O crítico literário Hélio de Seixas Guimarães é um dos maiores especialistas em Machado de Assis e essa é a segunda participação dele no 451 MHz; sua primeira aparição foi no oitavo episódio do podcast ao lado de Flora Thomson-DeVeaux, que traduziu Memórias póstumas de Brás Cubas para o inglês.


Hélio Seixas Guimarães [Arquivo pessoal]

Seixas Guimarães escreveu livros importantes em torno da obra e da recepção dos textos do Bruxo do Cosme Velho. Dentre eles, Machado de Assis, o escritor que nos lê: a figura e a obra machadianas através da recepção e das polêmicas (Editora Unesp, 2017), Os leitores de Machado de Assis (Edusp, 2012) e Escritor por escritor: Machado de Assis segundo seus pares (1908-1939), ao lado de Ieda Lebensztayn (Imprensa Oficial, 2018 e 2020), em dois volumes – o último deles foi resenhado por nosso editor Mauricio Puls e pelo crítico literário Victor da Rosa.
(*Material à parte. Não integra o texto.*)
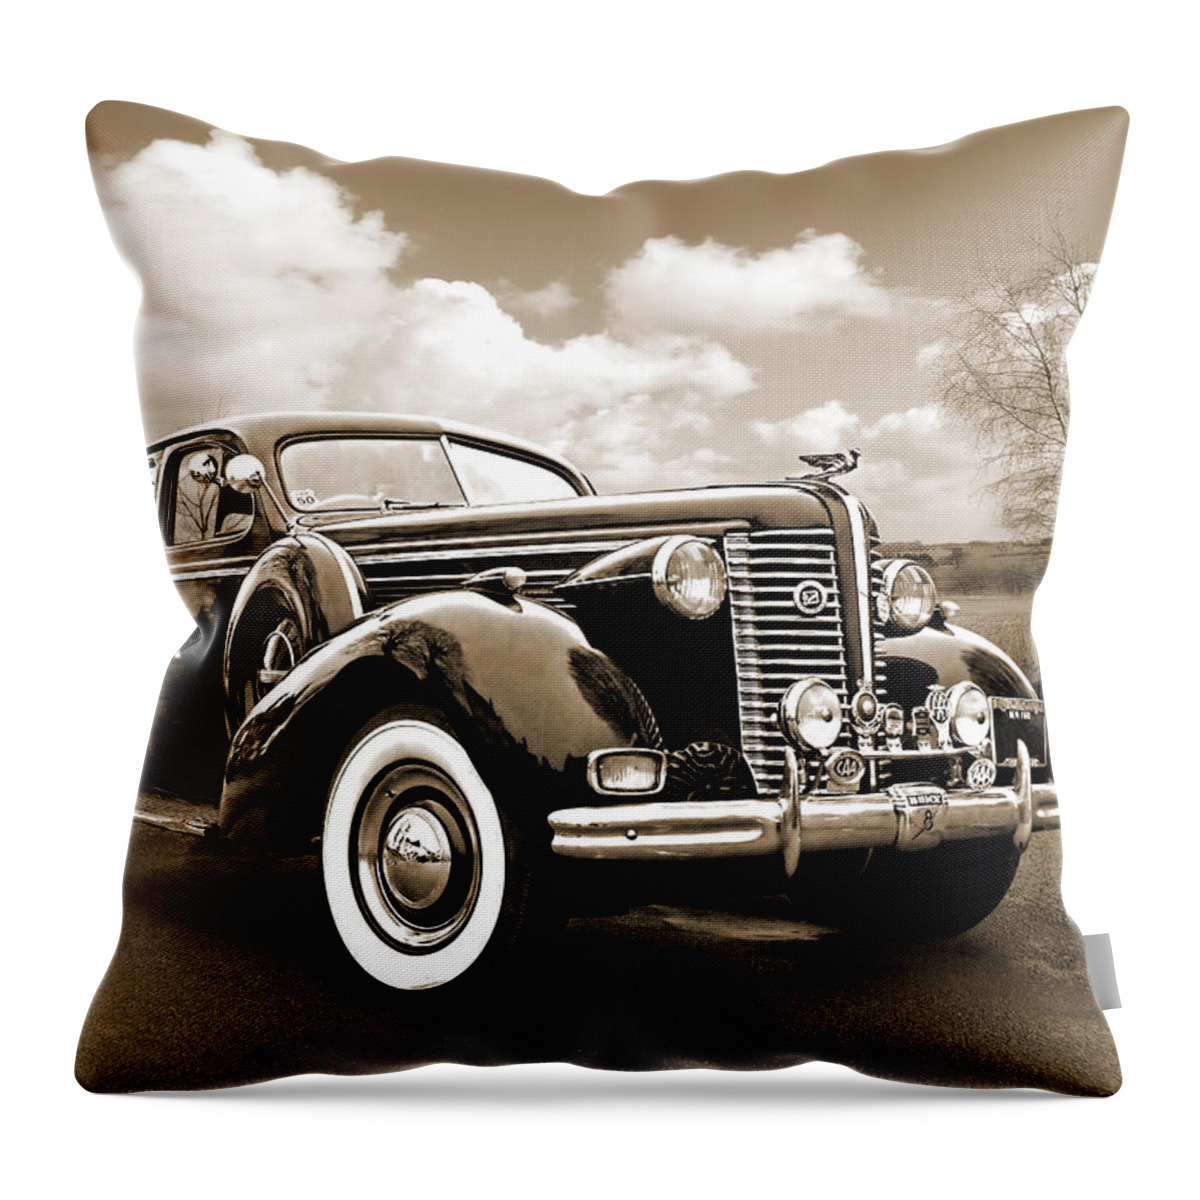 Buick Throw Pillow featuring the photograph Buick 8 1938 Sedan in Sepia by Gill Billington

Seixas Guimarães também está coordenando uma das grandes coleções em torno do autor que vai sair este ano pela editora Todavia. São todos os livros publicados por Machado, um total de 26 títulos, com o intuito de ver a trajetória desse grande escritor.


O autor Sérgio Rodrigues [Renato Parada/Divulgação]

O escritor, jornalista e crítico literário Sérgio Rodrigues lançou no ano passado o romance A vida futura, publicado pela Companhia das Letras e que foi votado um dos melhores livros de ficção de 2022 pelos colaboradores da Quatro Cinco Um. O livro foi resenhado por Ana Cristina Braga Martes na edição 62 da revista dos livros.

A vida futura, de Sérgio Rodrigues, é um livro cômico para ser levado a sério, por tocar corajosamente em temas nada engraçados e bastante polêmicos: raça, gênero e decadência generalizada. É também um livro ousado, narrado com erudição, sutileza e ironia por ninguém menos que Machado de Assis. Desafiando os adeptos do lugar de fala, Rodrigues se apropria da personalidade, das ideias, do estilo e, principalmente, da linguagem de Machado. "O inferno sob medida para os escritores seria a contemplação forçada e eterna da própria obra’”, escreve ele.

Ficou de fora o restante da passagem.